Online sales metrics firm comScore reported that retail ecommerce registered a 10 percent year to year gain within the U.S., generating $34 billion in revenue during the first quarter of 2010. While spending gains provided cause for optimism, and reached 8.1 percent of total retail spending, comScore noted that upper-income households shouldered much of this growth. Should the economy falter in the second half of the year and should upper-income consumers return to saving, retail ecommerce growth would decelerate. 

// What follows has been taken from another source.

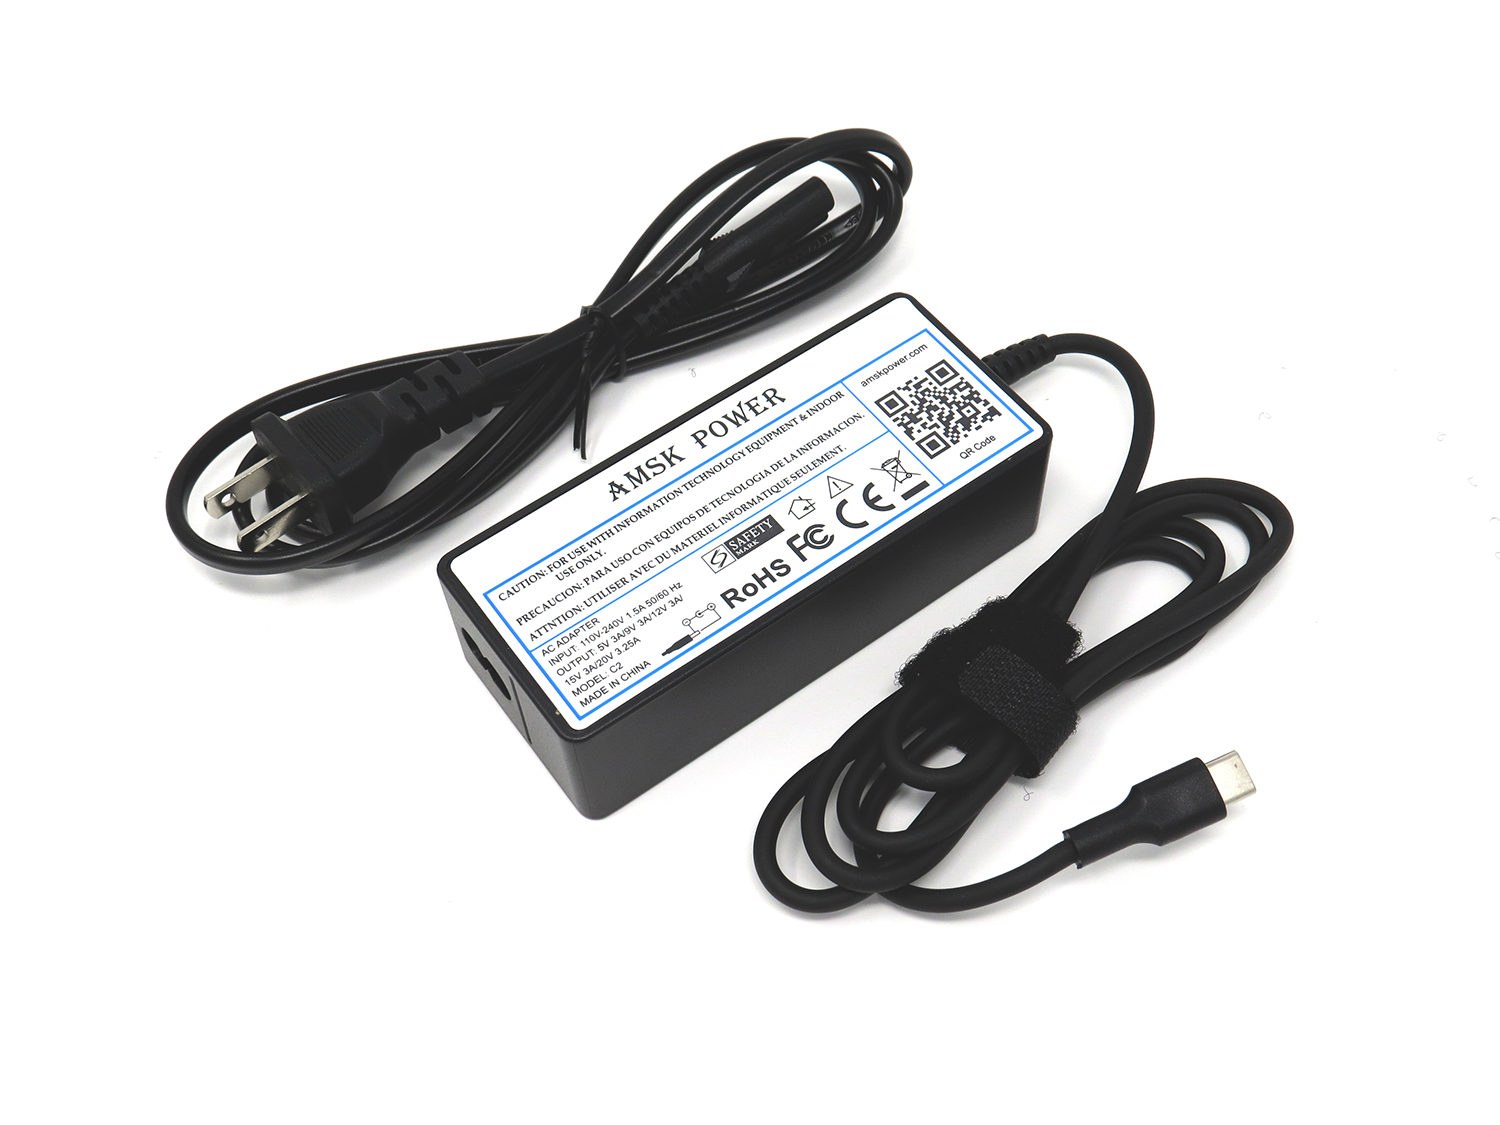 AMSK POWER Ac Adapter USB-C 65W for Acer Swift Spin 7 SF713 SF713-51 SP714 SP714-51 - image 1 of 1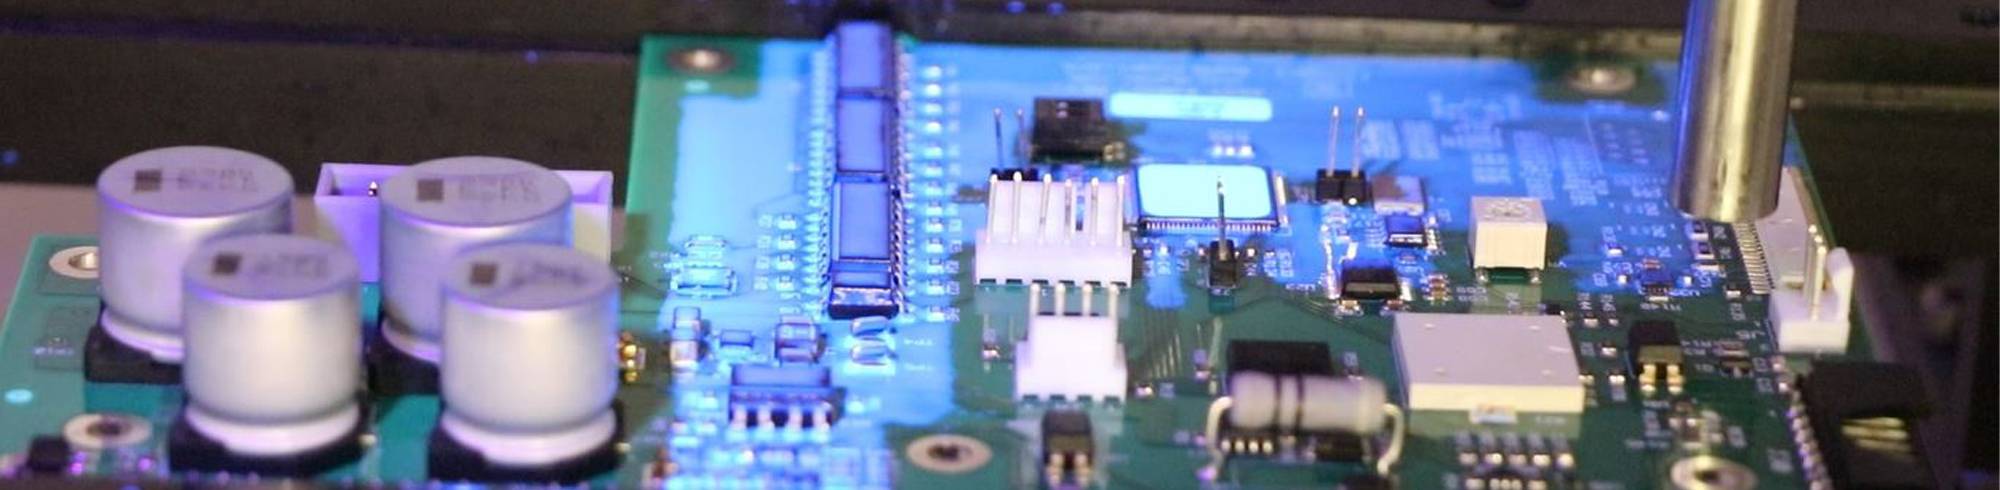 Light curable coatings for industrial bonding shown on PCB board

New Ruby Disclosure Standards

Members of the Gemstone Industry & Laboratory Conference's (GILC) ruby committee reached consensus on accepting a disclosure for lead, glass-filled ruby that reads "Composite-Ruby, Glass-Filled, Requires Special Care." The aim of this committee, formed during the recent GILC event held in Tucson, was to recommend disclosure language at the retail level that might not match the disclosure standard language required of gemstone traders. While the phrases "composite ruby" and "glass-filled" are properly utilized in disclosure language, the committee felt the phrase "special care required" should also be included for sales transactions.

Industry Movers and Shakers

Damas appointed Anan Fakhreddin as its chief executive with the goal of enhancing the retailer's product line and customer service channels while identifying expansion opportunities in growth markets.

The World Gold Council appointed David Lamb, managing director of jewelry, to develop the worldwide gold jewelry market.

The Alliance for Responsible Mining elected jeweler Toby Pomeroy as a new board member and welcomed sitting board member Dr. Maria Laura Barreto as its new chair.

Gemvara hired Roy Albers as vice president of operations to oversee and ensure efficient production of Gemvara designs.

Gemologist and jeweler David M. Baker joined Morton Kuehnert Auctioneers & Appraisers as the director of the company's jewelry division.

The Responsible Jewellery Council re-elected Matt Runci as chair, John Hall as vice chair and Mark Jenkins as secretary and appointed the following new board members: Yedwa Simelane, Charles Bonas, Donna Baker, Ruth Batson and Philippe Leopold-Metzger.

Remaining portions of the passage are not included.